Repeat only what runs from the line with "80ff1e17 Женские кроссовки Nike Air Max 270" through the last line of the data below, both included, keeping every word as it is and leaving out the pictures.

* Data excerpt:
^^^^

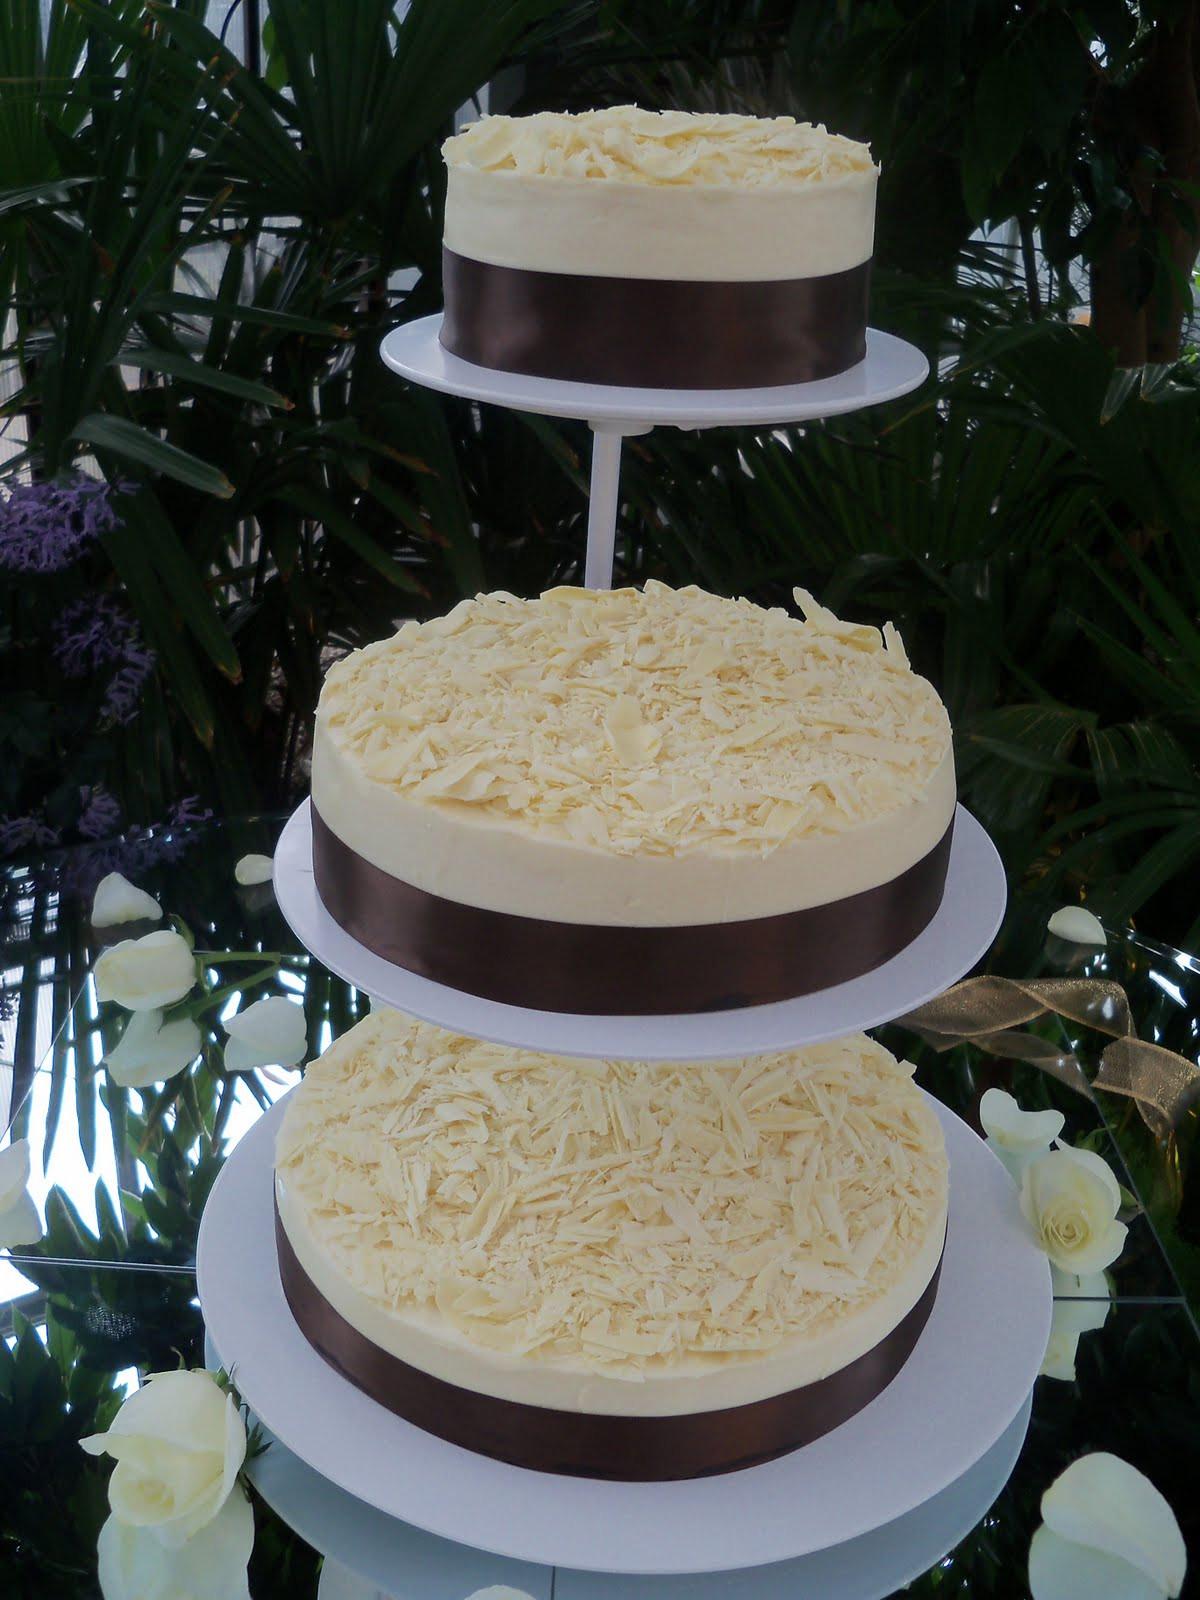 Cheesecake Wedding Cakes  Dede s Cakes Cheesecake Wedding Cake
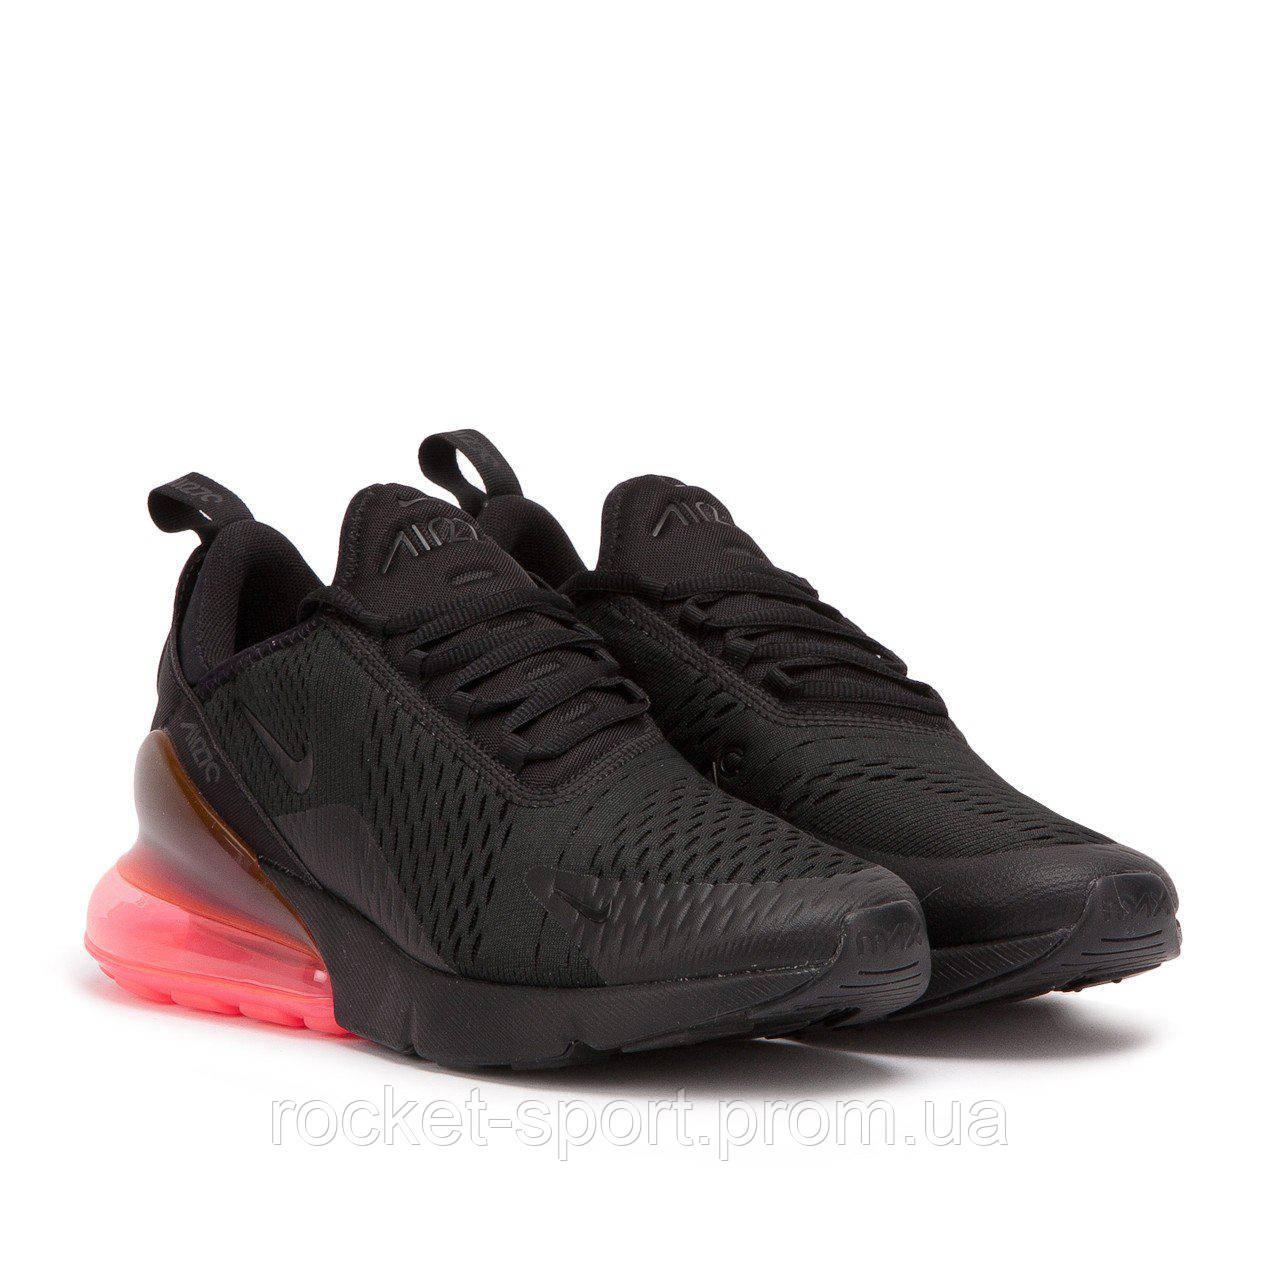 80ff1e17 Женские кроссовки Nike Air Max 270
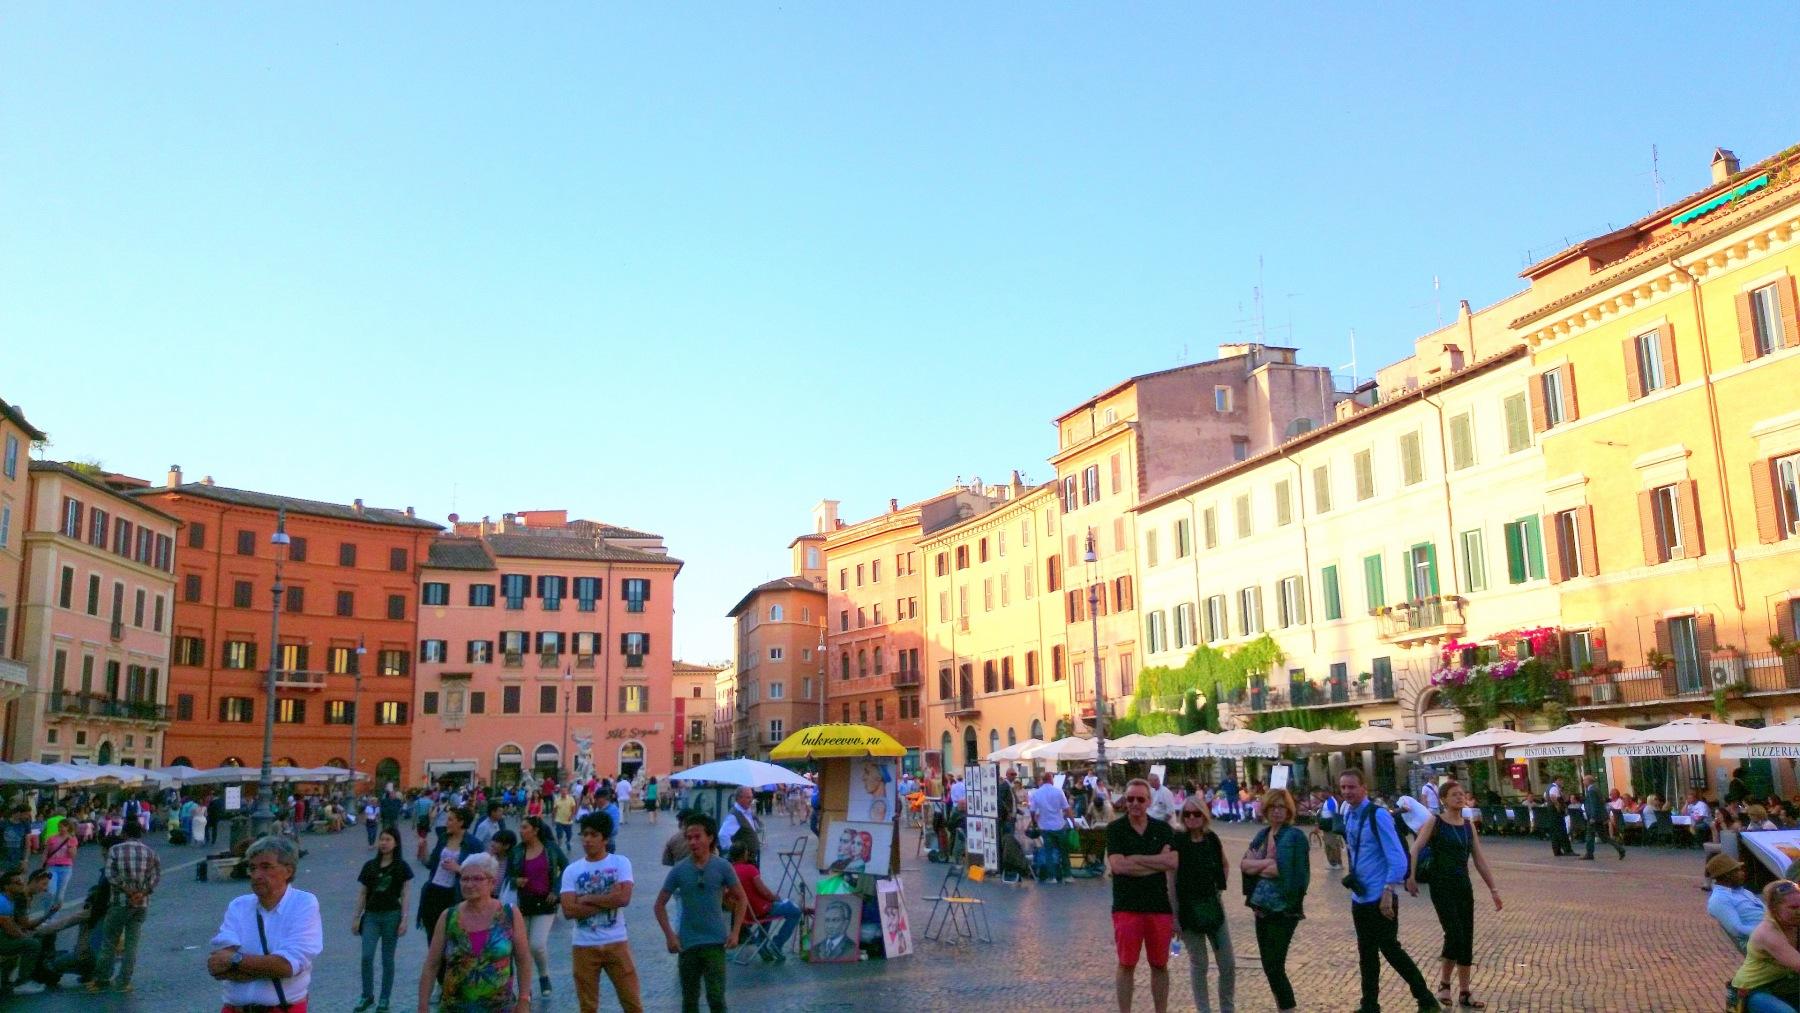 Piazza Navona 49

^^^^

* Answer to this task:
 80ff1e17 Женские кроссовки Nike Air Max 270
 Piazza Navona 49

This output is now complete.